**INSTRUCTIONS TO FOLLOW:** Copy exactly the lines of the data below, beginning with the line with "Oil-free fluid machine" and ending with the line with "Local African women". Pictures are to be omitted.

**RECORDS TO USE:**
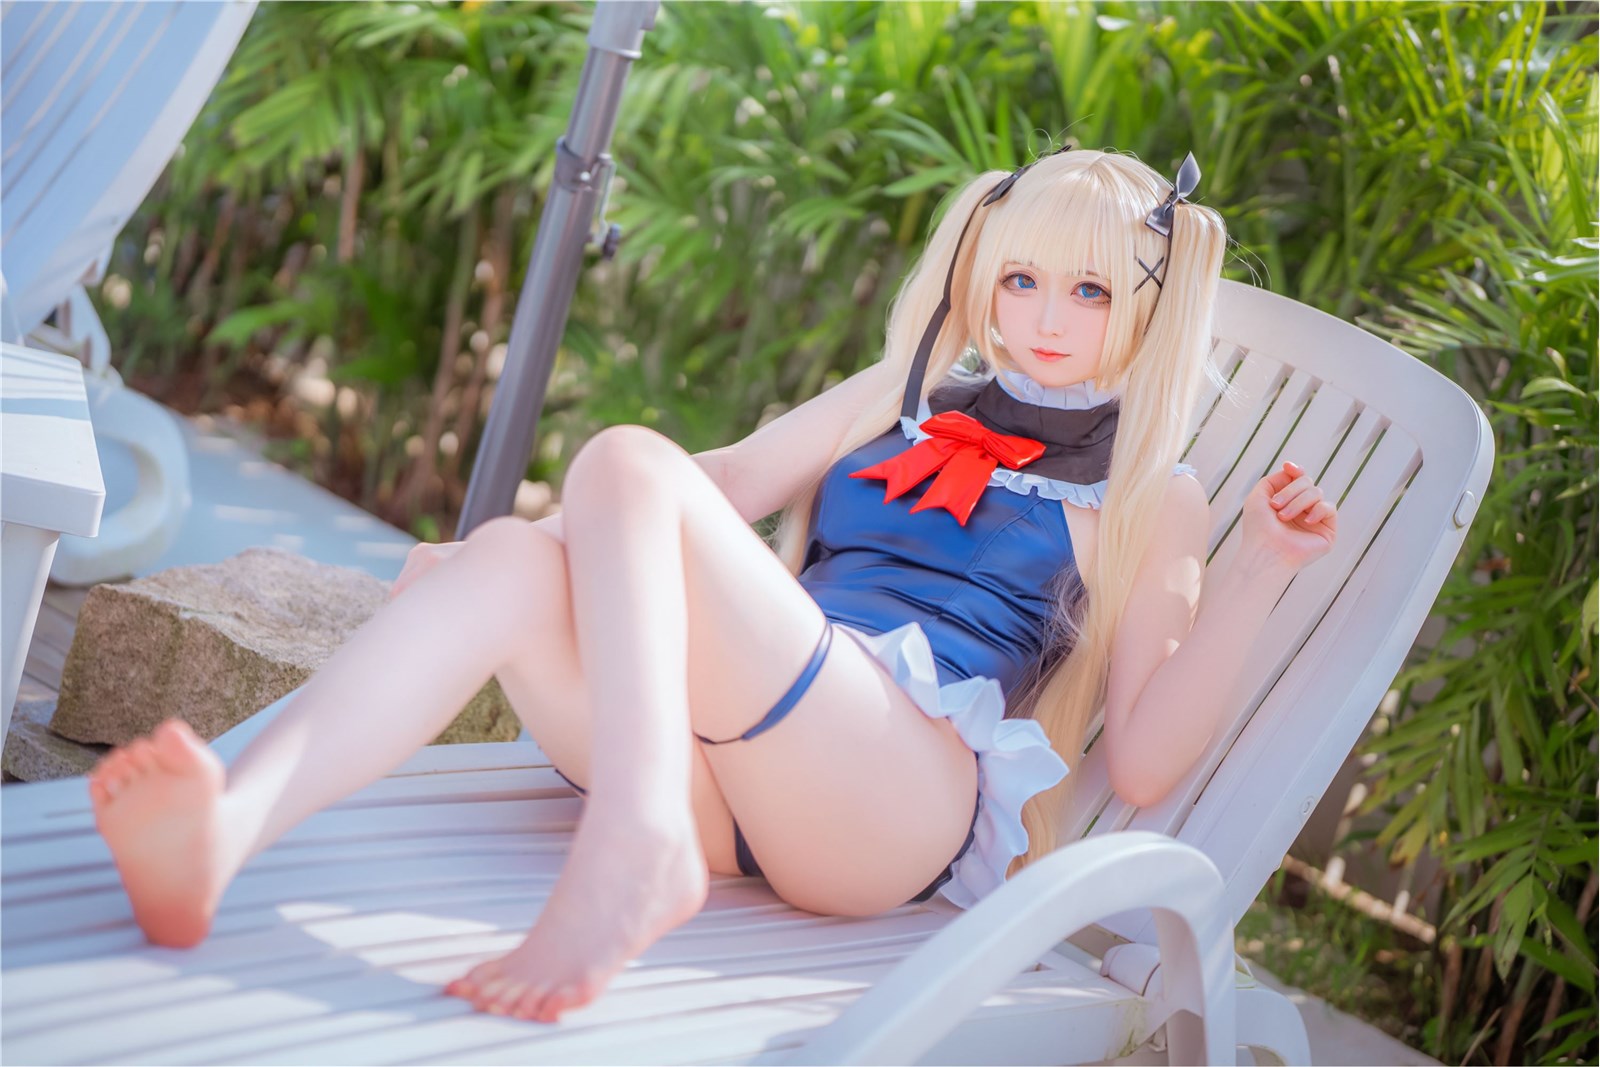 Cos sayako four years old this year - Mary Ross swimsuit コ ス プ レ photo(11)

...

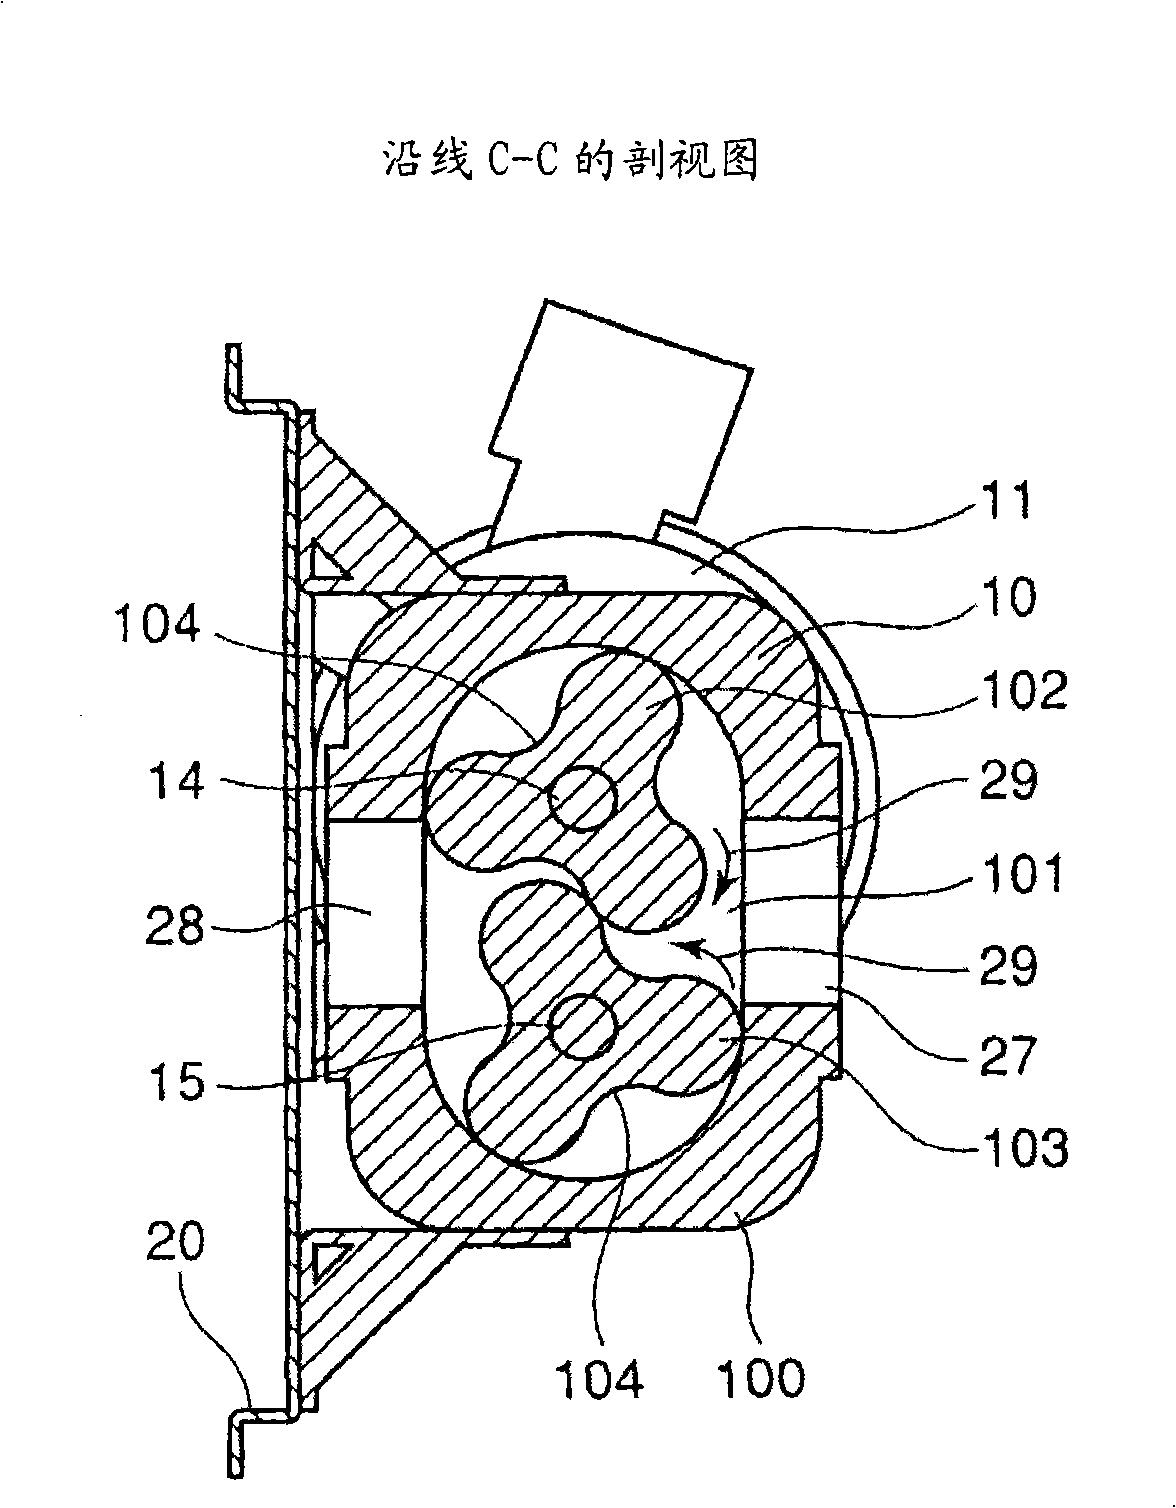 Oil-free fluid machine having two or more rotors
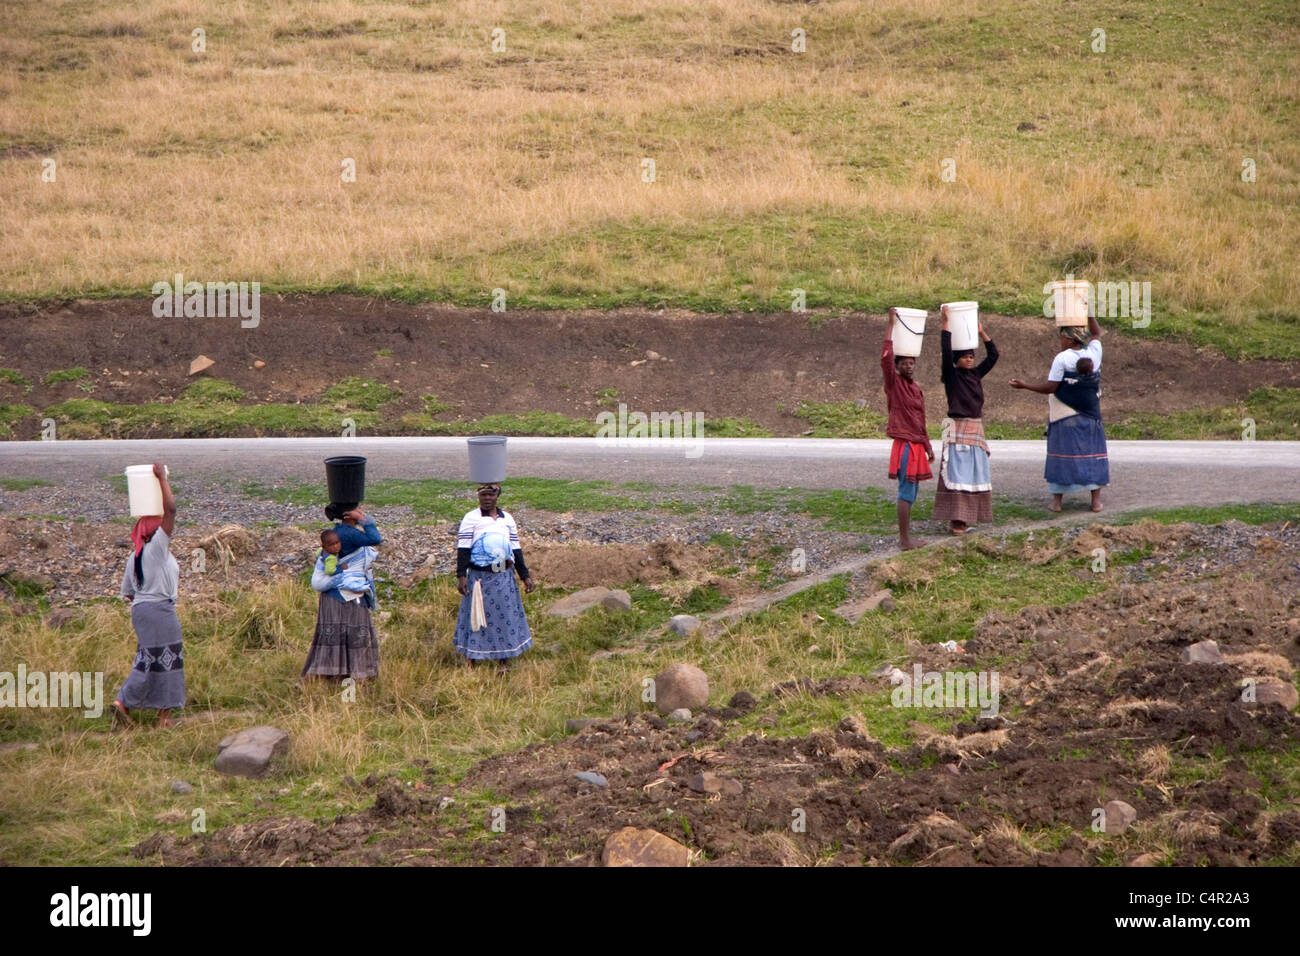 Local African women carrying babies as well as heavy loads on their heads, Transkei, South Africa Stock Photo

---

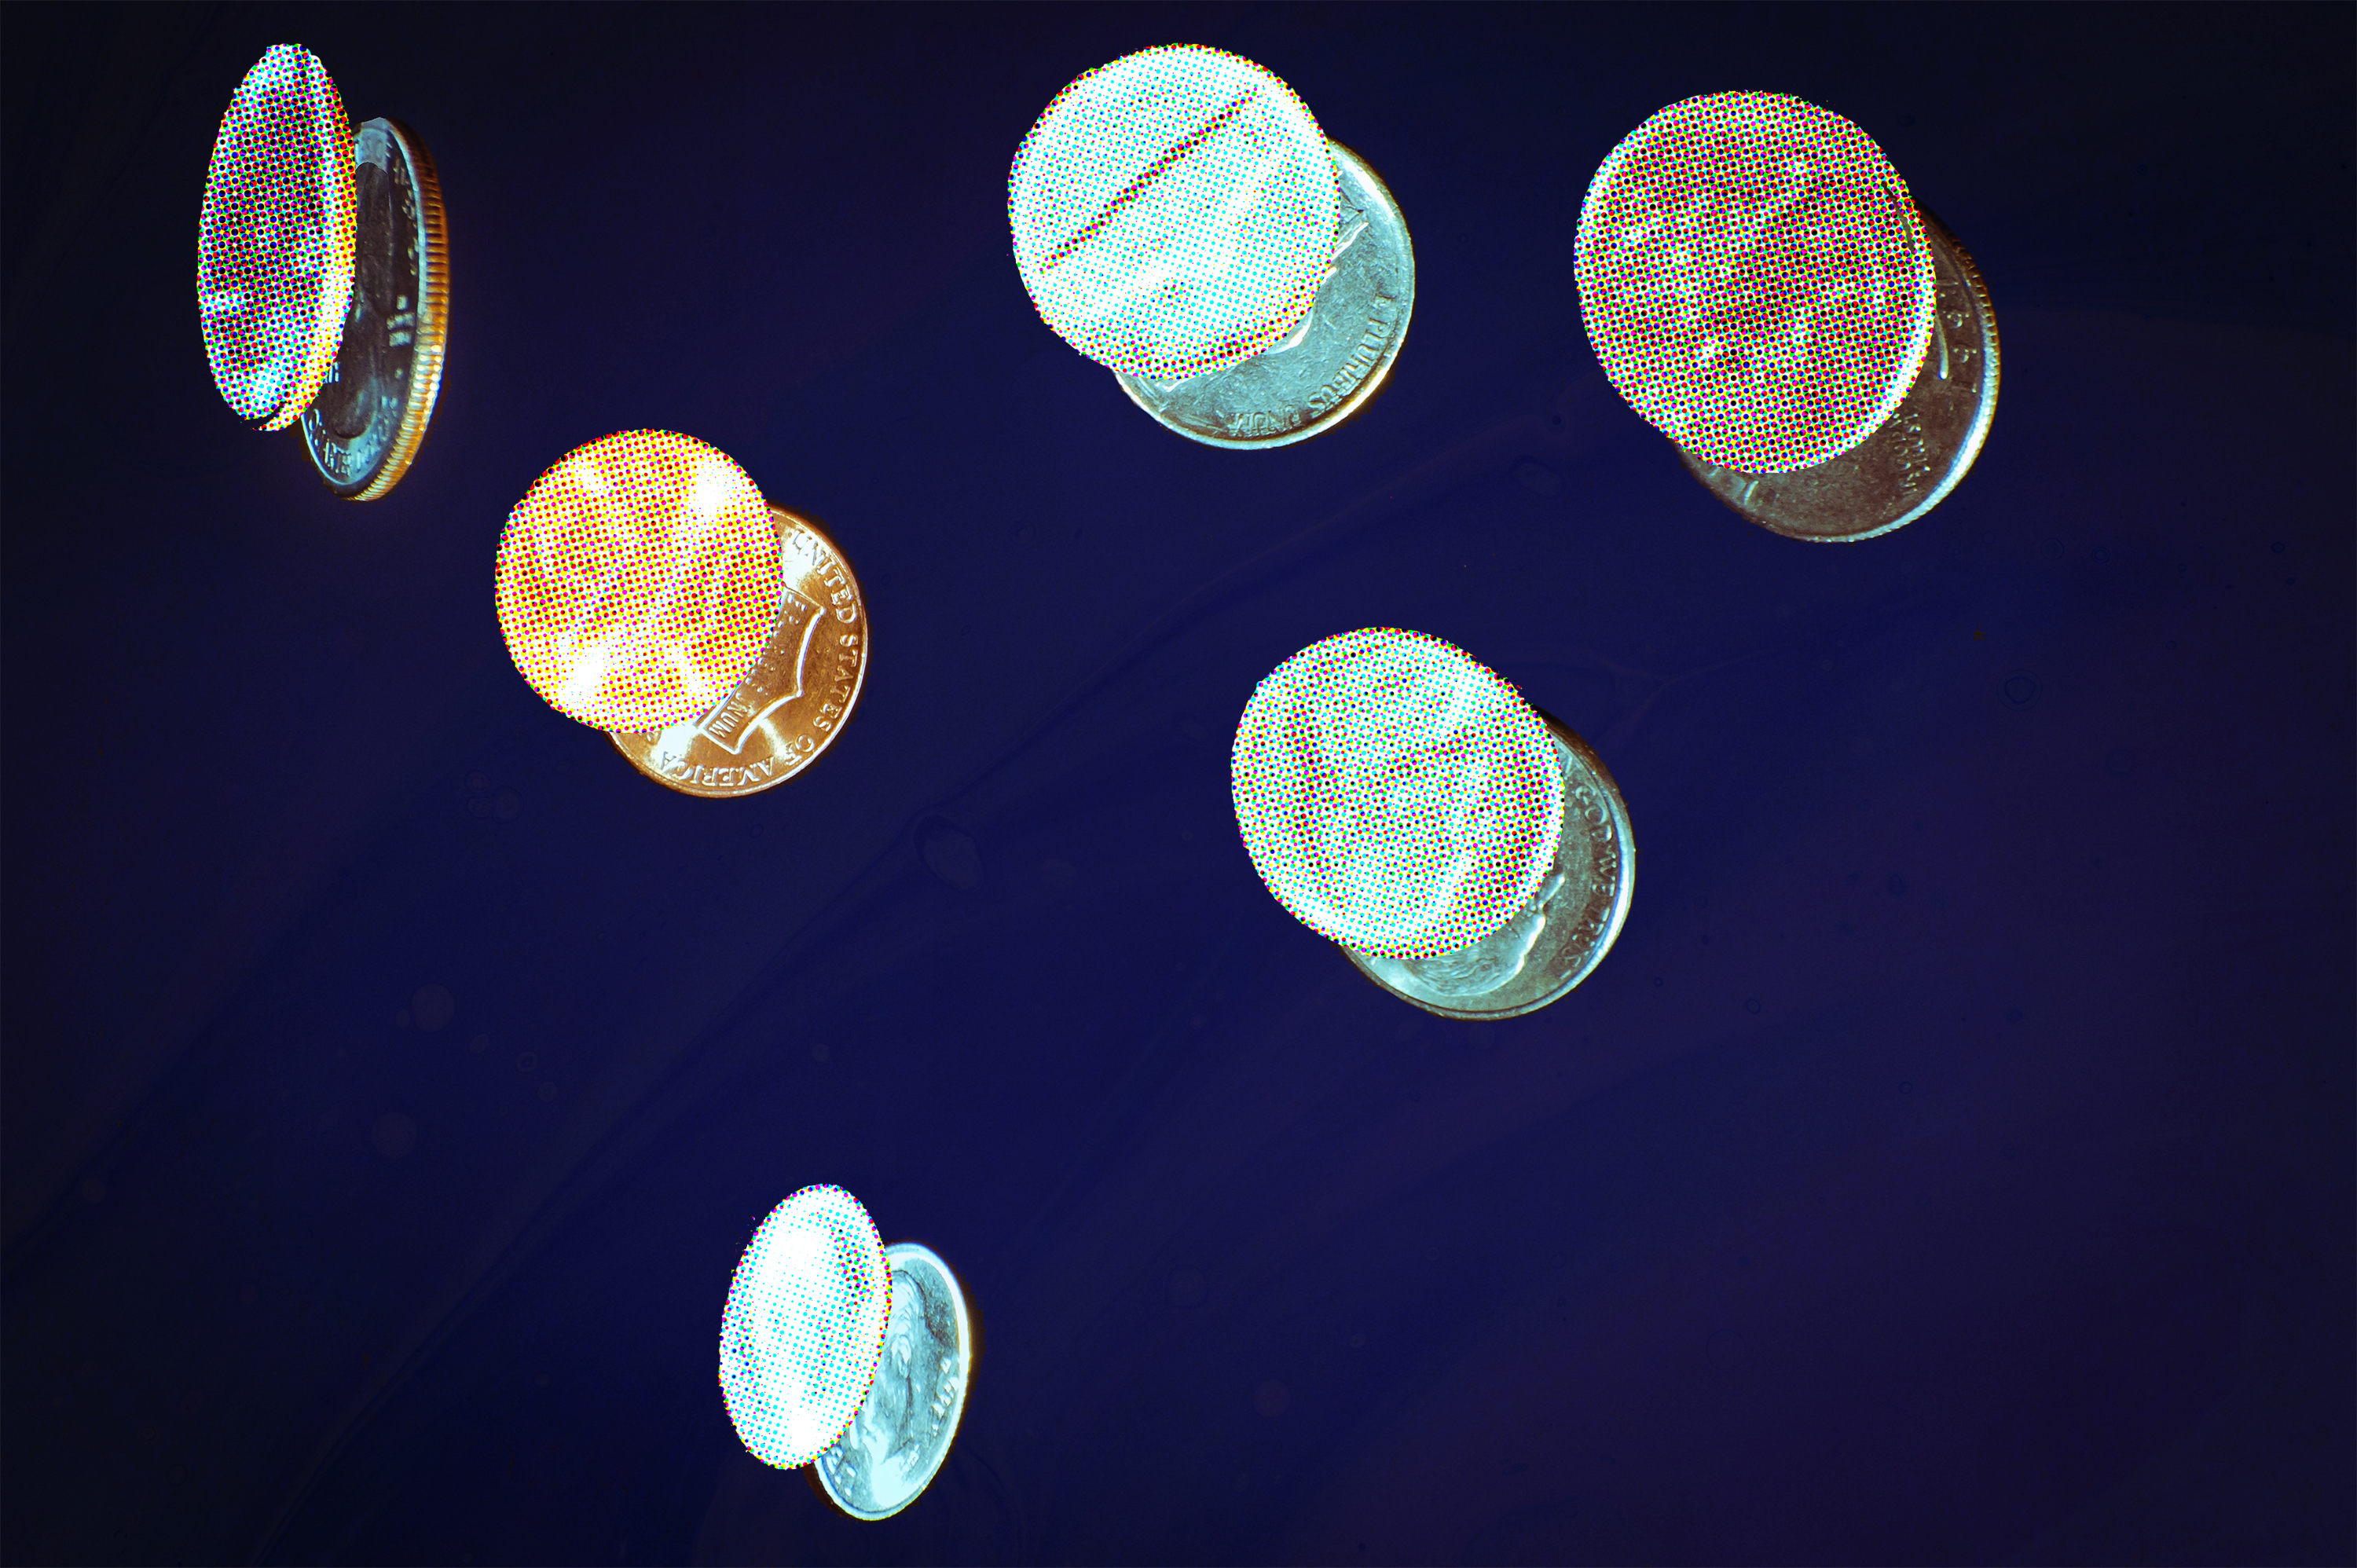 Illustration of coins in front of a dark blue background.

**TASK ANSWER:**
 Oil-free fluid machine having two or more rotors
 Local African women carrying babies as well as heavy loads on their heads, Transkei, South Africa Stock Photo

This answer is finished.